When an evening of bicycle riding includes an interlude where somebody agrees to launch not just one, but two—(consecutively, not simultaneously) bottle rockets from his ass and it’s still not the most memorable part of the night, you have to chalk it up as a bona fide disaster (in the old sense of the word, the one that refers to the alignment of the stars, which must have been exerting a truly strange attraction on us all to result in such an odd and calamitous collection of events).

Or maybe the shortbread space cookie I had before leaving home had something to do with it.

In any case, more than once I got to feel like Walter Brennan meets Mr. Magoo as I stood slightly apart from my cycling comrades both dismayed and elated at the behaviors that swam before my eyes, which included surreal karaoke singing, random tossing of things that gosh darn it you kids, you better stop throwing, so help me, don’t make me come over there, fisticuffs, which I completely missed, thank god, the wearing of orange rubber fishing overalls, and a surprising amount of bicycle riding when you tallied it all up in the end.

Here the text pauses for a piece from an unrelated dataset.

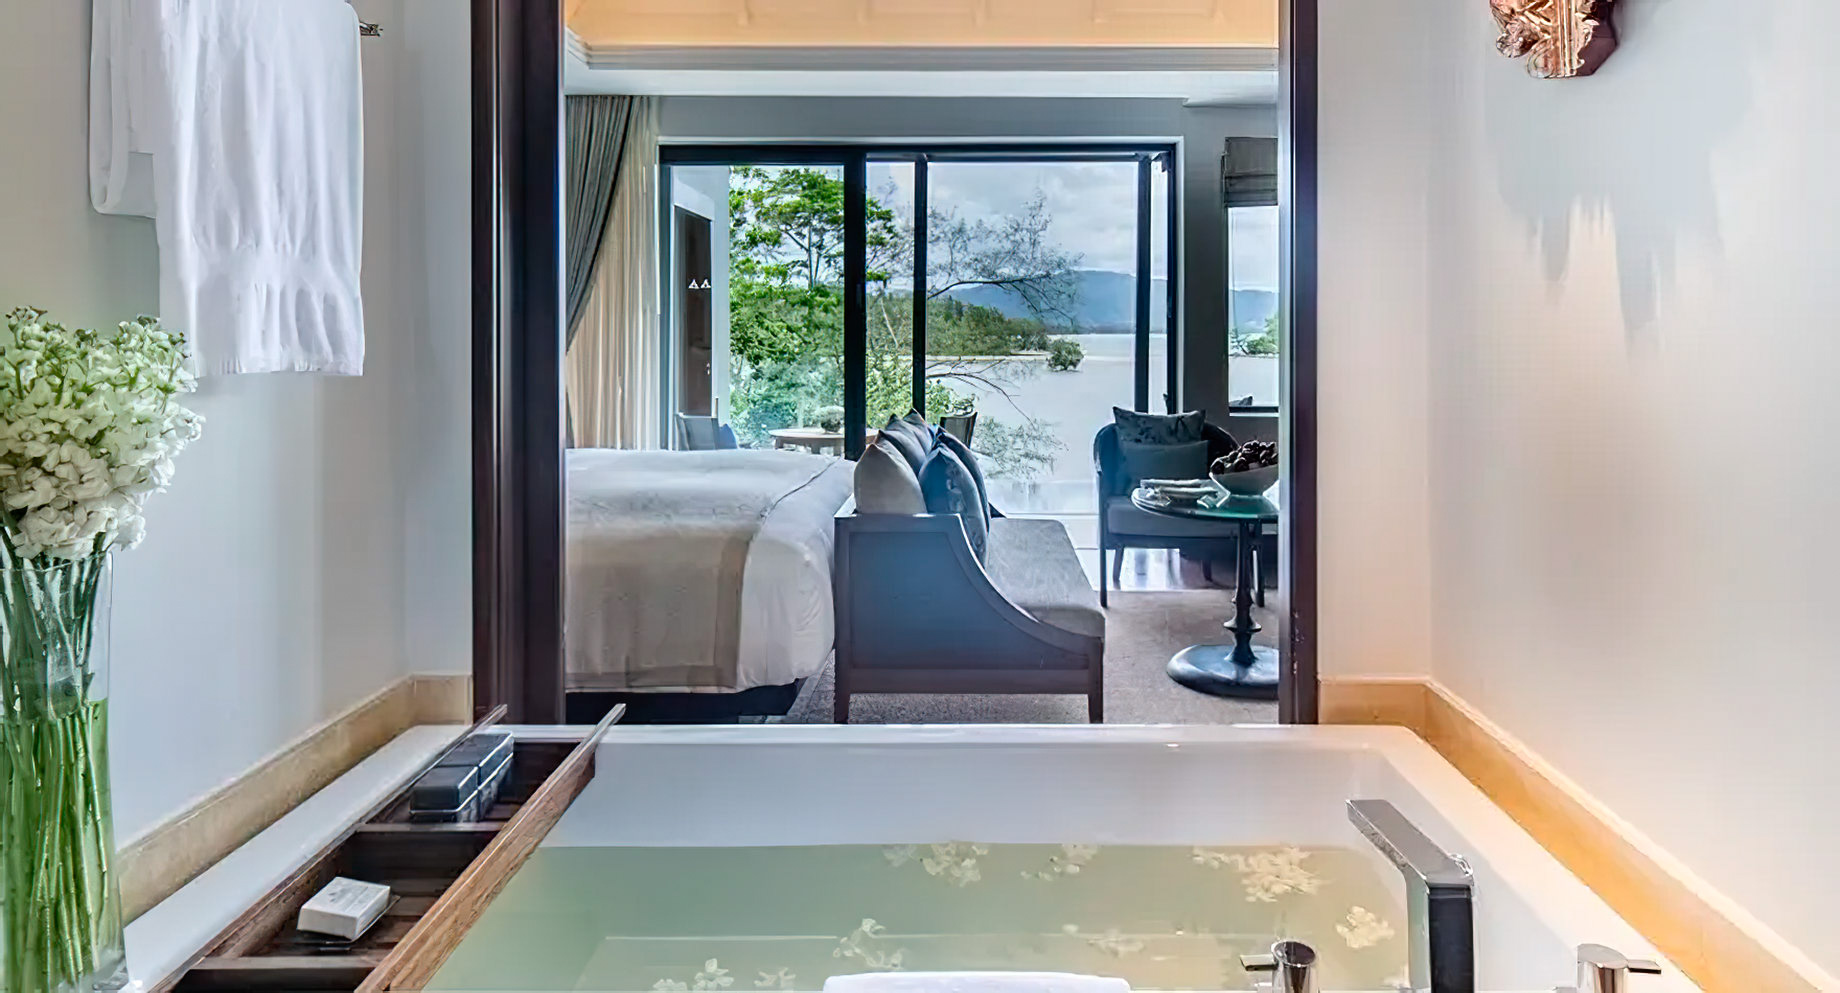 Anantara Layan Phuket Resort & Residences – Thailand – Grand Sea View Pool Suite

And it was one of those times when, in some ways, the best part turned out to be the long solo route home, where the combination of sensory stimulations over the course of the night came together to make for an especially delightful ride, the front of my front wheel eating up the pavement slowly but surely all the way across town.

We had set out for Nickelsville, the homeless encampment near Georgtown, to bear witness to the authorities evicting the residents, but never made it past Goldies on Airport Way, which turned out to be just fine since the threatened removal didn’t take place although it did seem that, at some points, our butts were this close to being kicked out from where we were, too.

Friday, September 12, 2008

Fries

Is this a great fucking country or what?

Where else could some three dozen idiots ride bikes from a downtown meet-up, where already park rangers were on to them and their open containers, to an inner-ring suburban shopping mall for a takover of a “family” restaurant in order to stage a French (call that “freedom”) fried potato-eating contest that would result in some among their number regurgitating publicly, and then to top off the evening, pedal furiously down shuttered freeway express lanes only to be stopped, upon exiting to city streets, by a phalanx of law enforcement vehicles, some State Patrol, some Seattle’s Finest, and still manage to walk (or more accurately, ride) away from arrest, imprisonment, and even water-boarding?

Fuck you Osama Bin Laden, the terrorists have not won, not so long as such adventures remain in the realm of possibility, although thankfully for people’s intestines and police records they only come once a year.

The second annual .83 9/11 Never Forget (How Fat You Really Are) Bike Ride and Freedom Fry Eating Contest went off last night in fine form, which is more than can be said this morning of the competitors’ distended bellies.

And while, as has been noted, one might interpret the event as disrespectful of the tragic events that marked the date back in 2001, a more accurate reading—and I would argue more consistent with the true spirit of the night—would see such inspired stupidity as a celebration of the liberties upon which the American Dream is founded.

Moreover, I would bet that if only we might have gotten those misguided fanatics away from flight school back in 2000 and onto bicycles, they never would have carried out their fateful mission, but instead, would have been right there with us, singing “God Bless America” and gorging on deep-fried starch, feeling nothing but pride (and maybe a bit of dyspepsia) to be in the land of the fry, home of the brave.